A novel SGNH family hydrolase Ali5 with thioesterase activity and a GNSL motif but without a classic GDSL motif from Altererythrobacter ishigakiensis.

Objective: We aimed to characterize a novel SGNH (Ser-Gly-Asn-His) family hydrolase from the annotated genome of marine bacteria with new features.
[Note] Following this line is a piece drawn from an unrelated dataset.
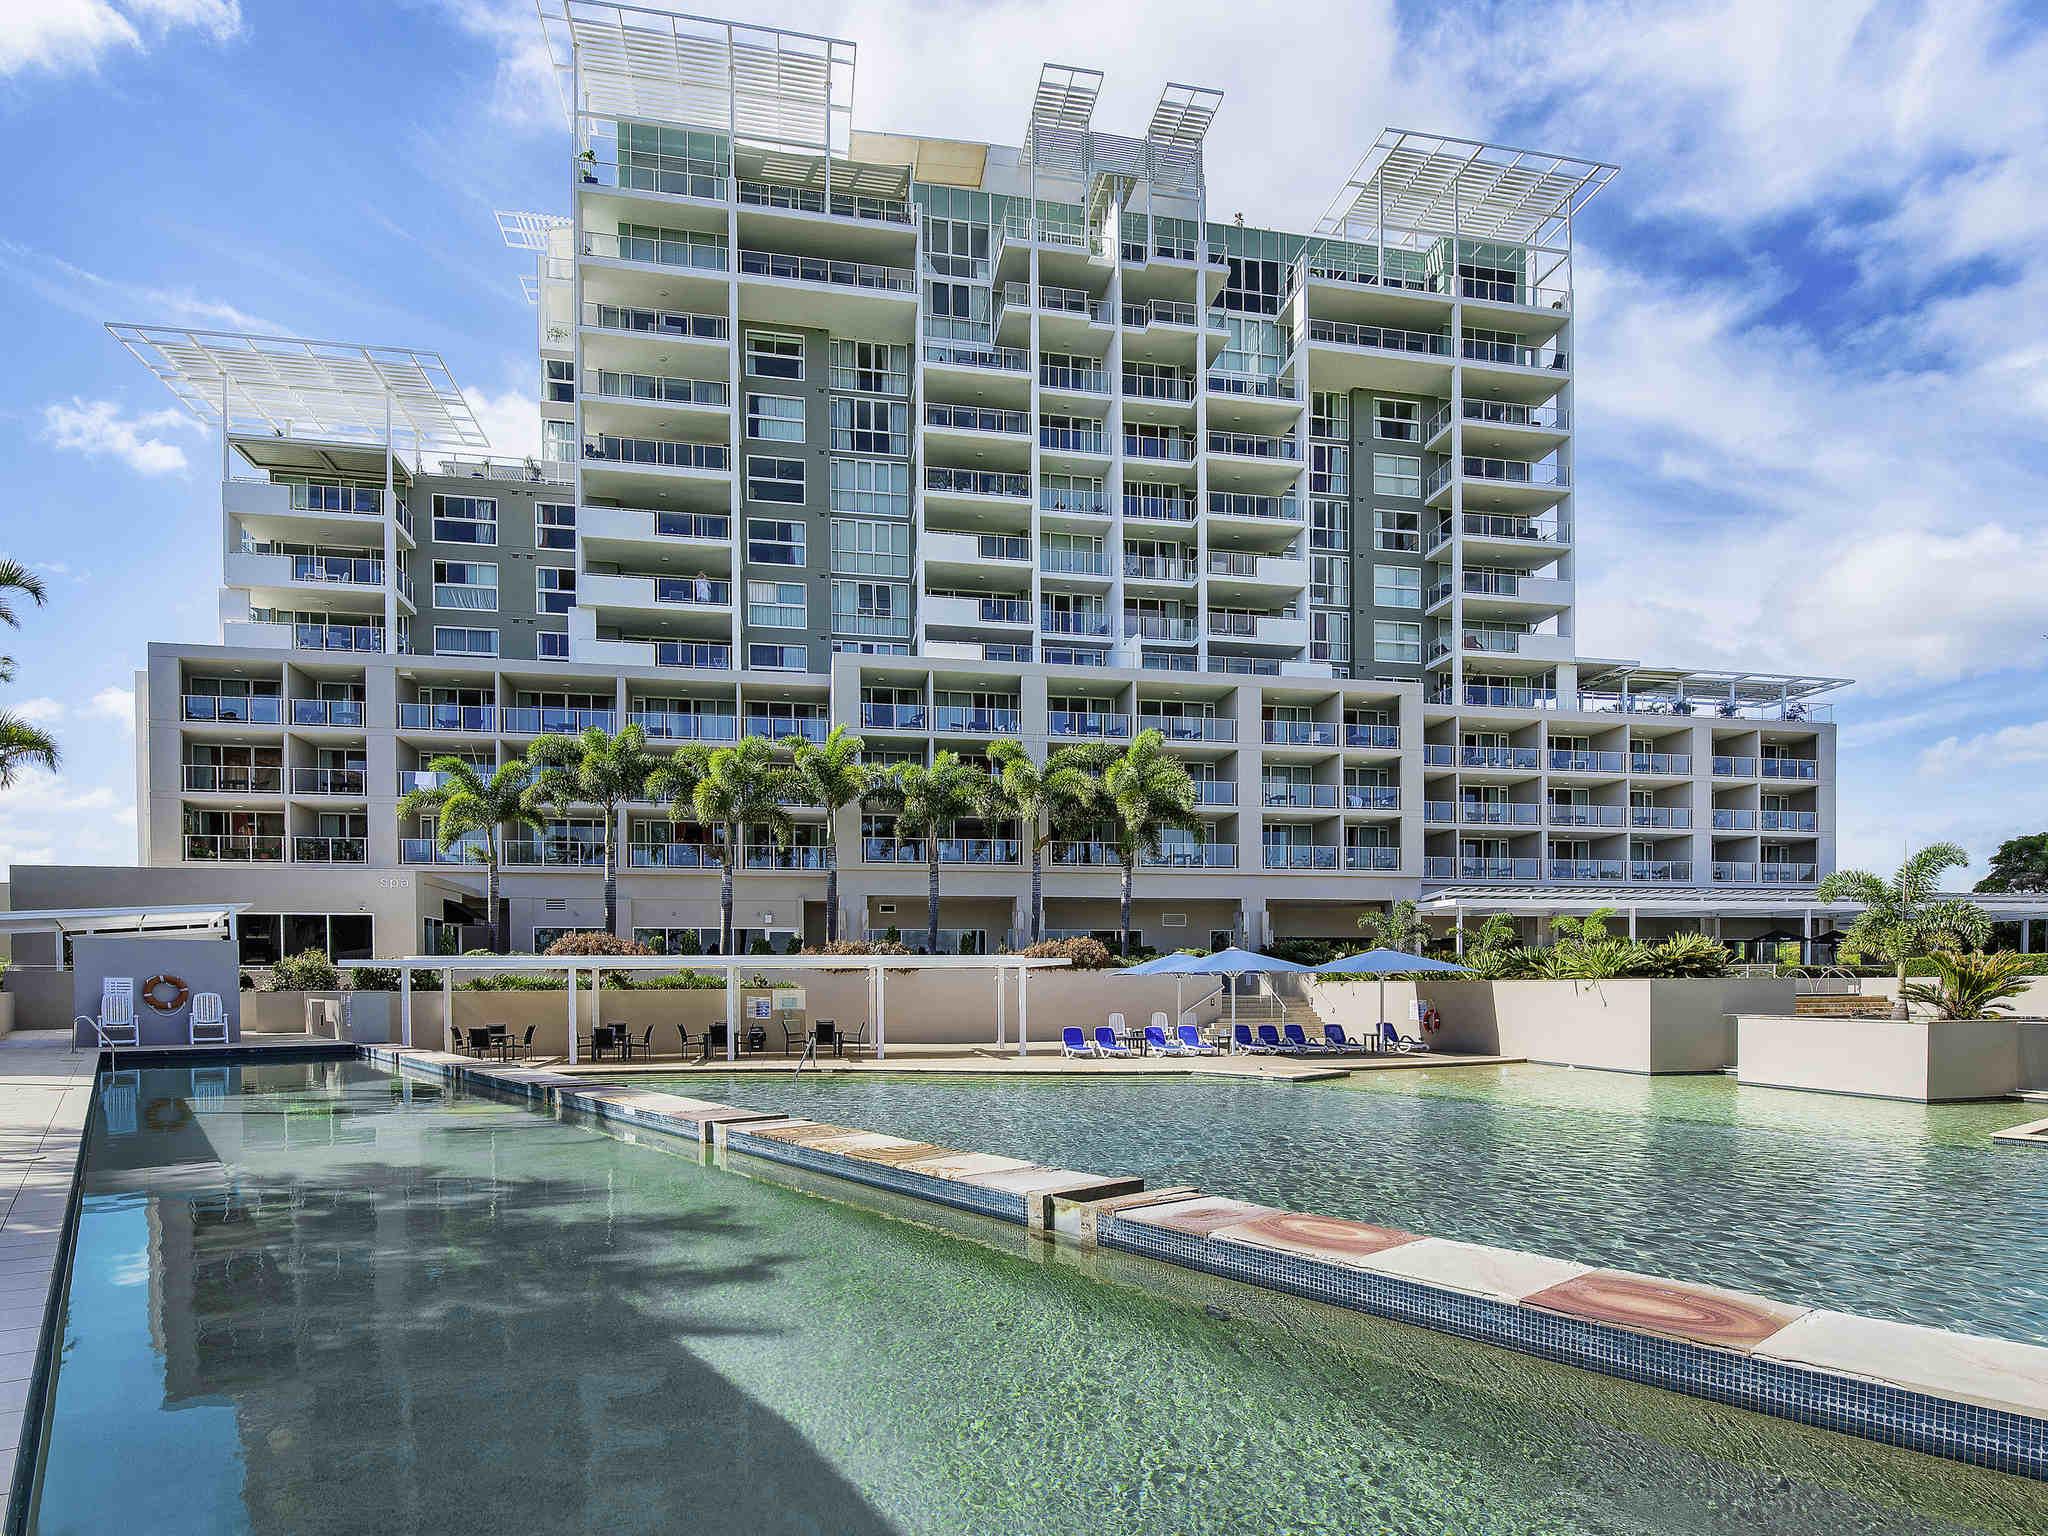 Otel – The Sebel Pelican Waters Resort

Results: A novel esterase Ali5 from Altererythrobacter ishigakiensis has been identified and classified into SGNH family. Ali5 presented a novel GNSL (Gly-Asn-Ser-Leu(X)) motif that differs from the classic GDSL (Gly-Asp-Ser-Leu(X)) motif of SGNH family. The enzyme has esterase and thioesterase activity and exhibited apparent temperature and pH optima of 40 °C and pH 7.5 (in phosphate buffer), respectively. Ali5 was found to be halotolerant and thermostable, and exhibited strong resistance to several organic solvents and metal ions. The residue Tyr has a great influence on the catalytic activity, which was proved by site-directed mutagenesis and subsequent kinetic characterization.

Conclusion: The esterase Ali5 with esterase and thioesterase activities, salt and metal ions resistance and unique structural features was identified, which holds promise for research on the SGNH family of hydrolases.